- [What you are asked to do] Under this line are records; the part from the line containing "Wayne Rectangle Lined" through the line containing "Northern Star (1837-1852): jS" should be repeated exactly. Please exclude pictures.

- [Entries supplied]
=== Section Start ===
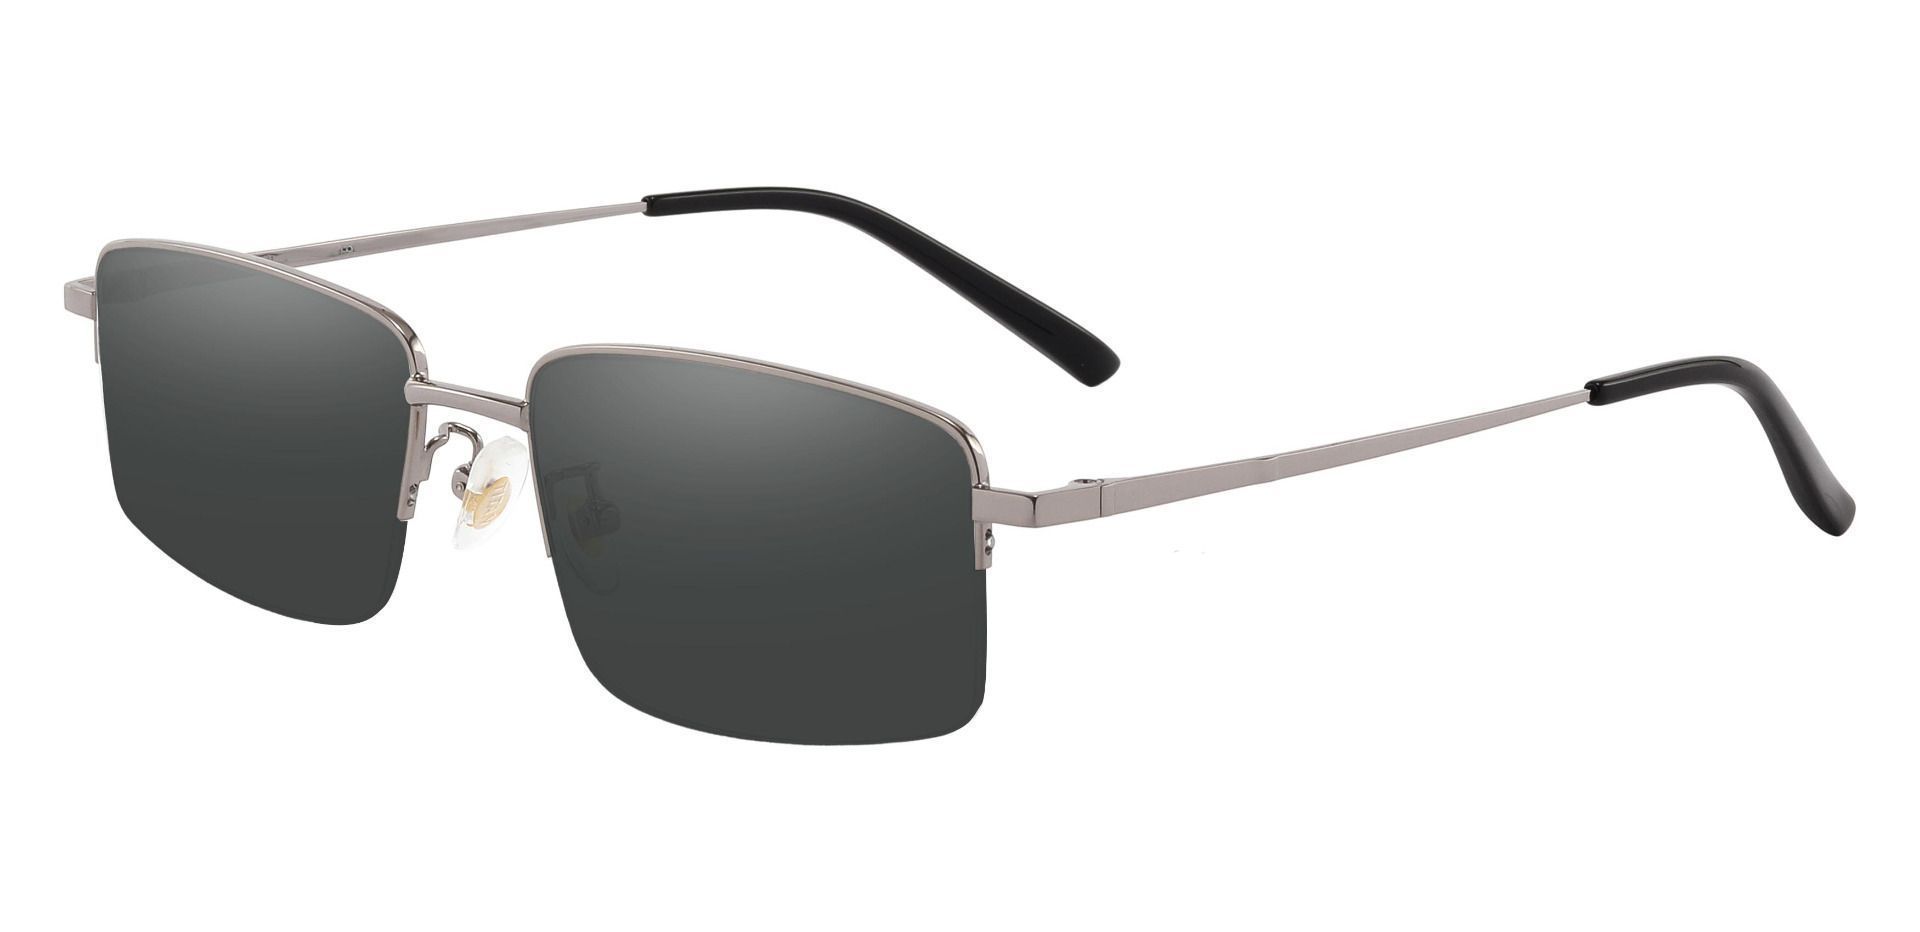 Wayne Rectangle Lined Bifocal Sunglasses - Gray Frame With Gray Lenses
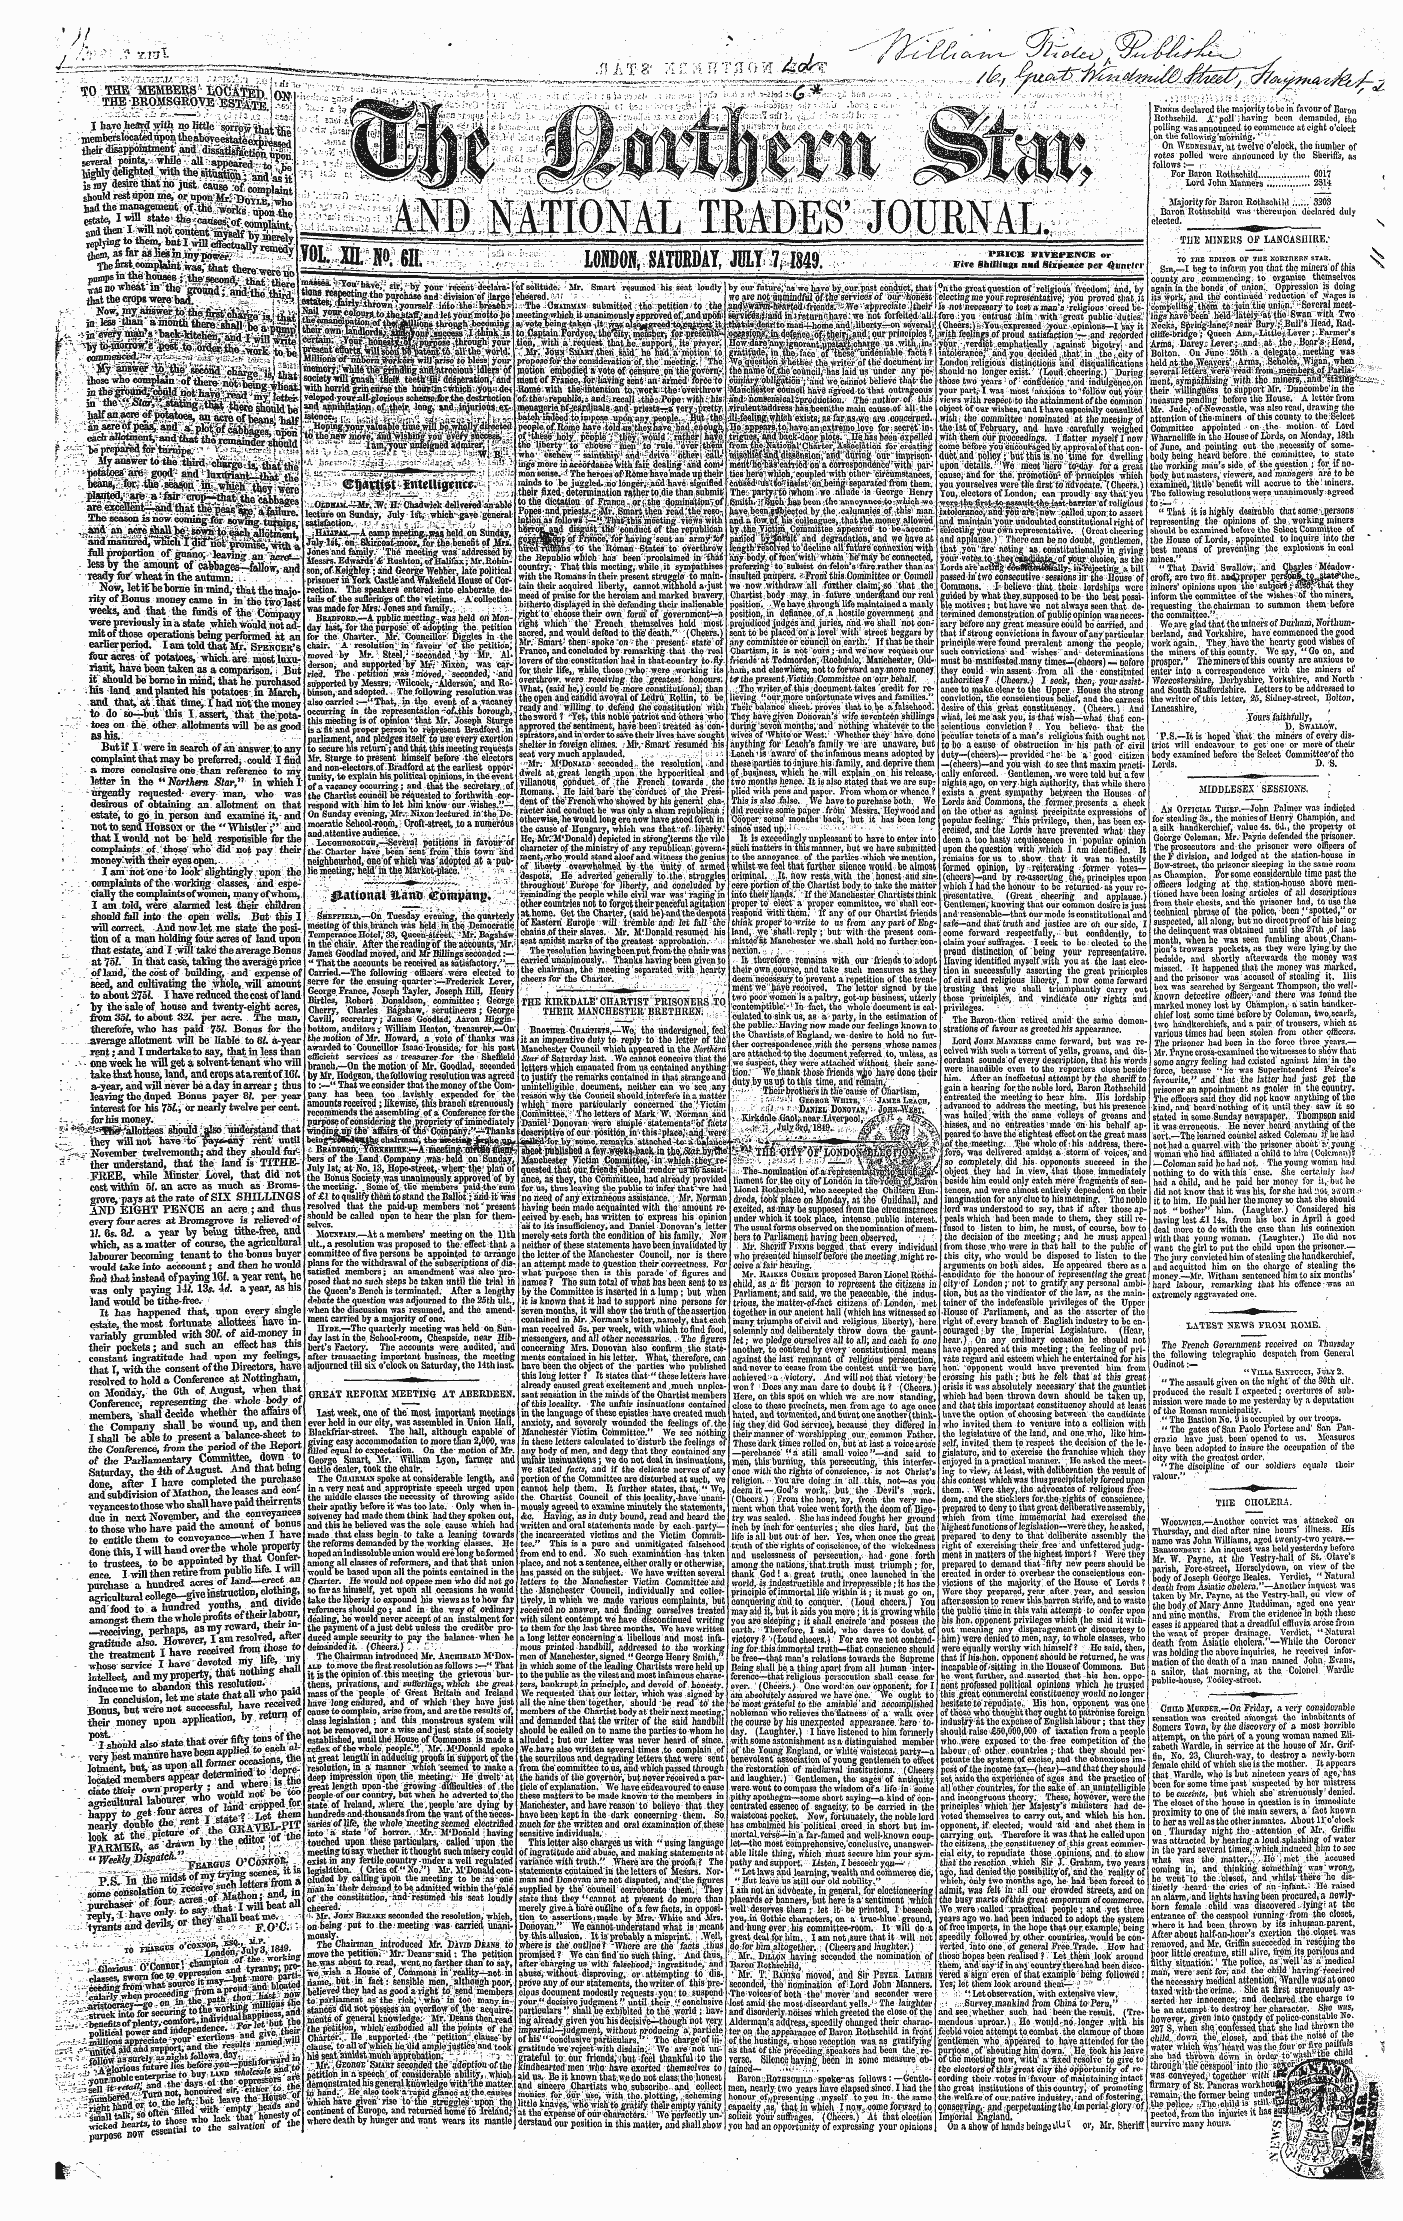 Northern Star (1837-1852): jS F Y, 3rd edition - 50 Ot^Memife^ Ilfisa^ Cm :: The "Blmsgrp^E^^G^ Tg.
=== Section End ===
=== Section Start ===
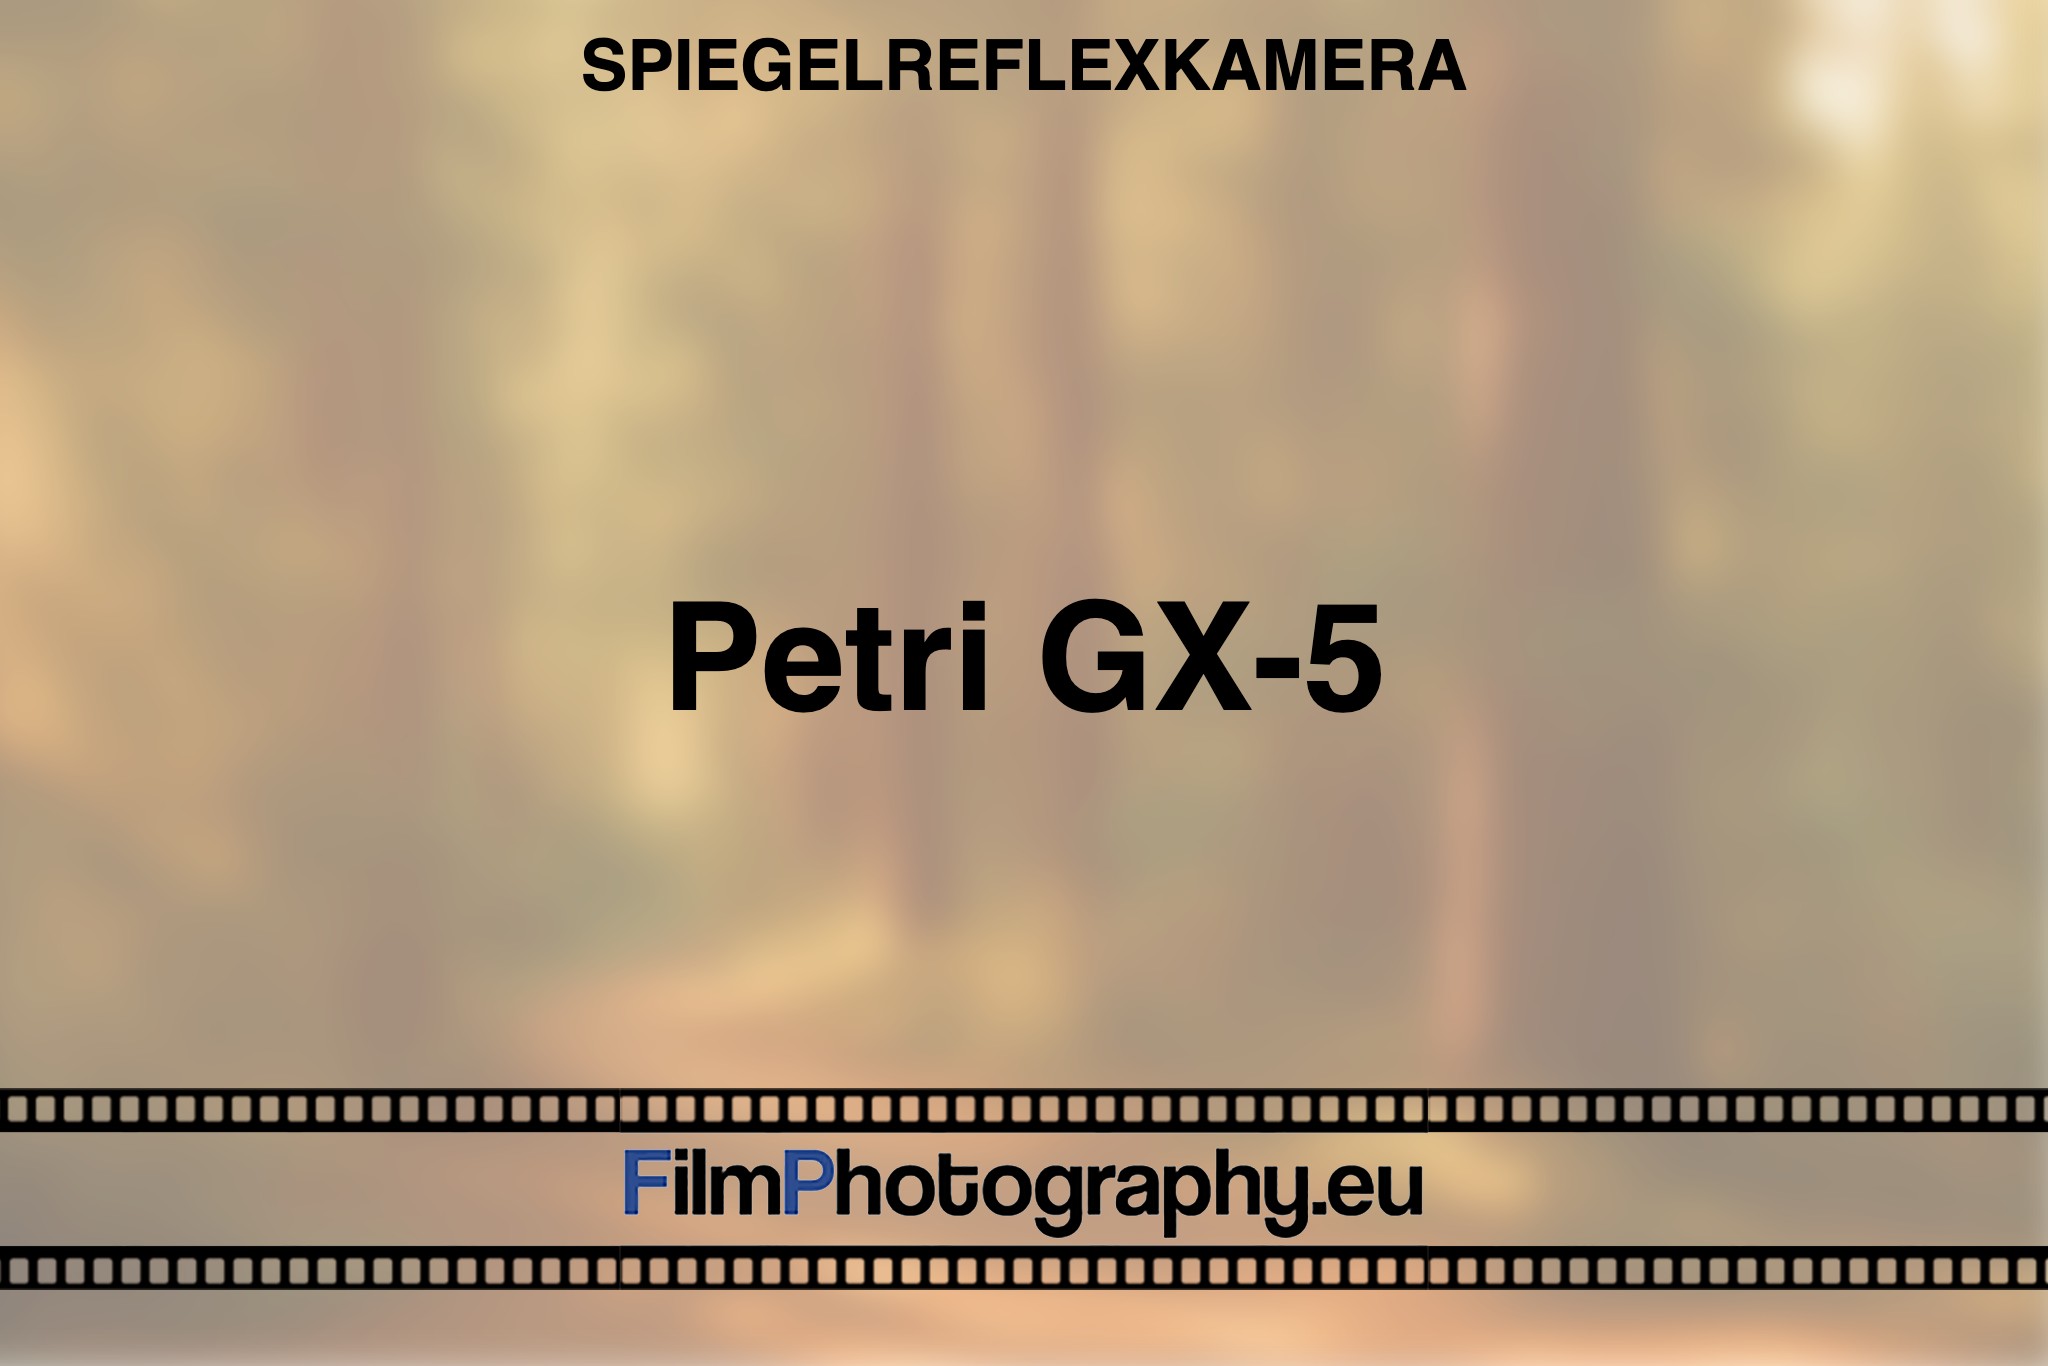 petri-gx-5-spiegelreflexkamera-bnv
=== Section End ===
- [Answer area]
 Wayne Rectangle Lined Bifocal Sunglasses - Gray Frame With Gray Lenses
 Northern Star (1837-1852): jS F Y, 3rd edition - 50 Ot^Memife^ Ilfisa^ Cm :: The "Blmsgrp^E^^G^ Tg.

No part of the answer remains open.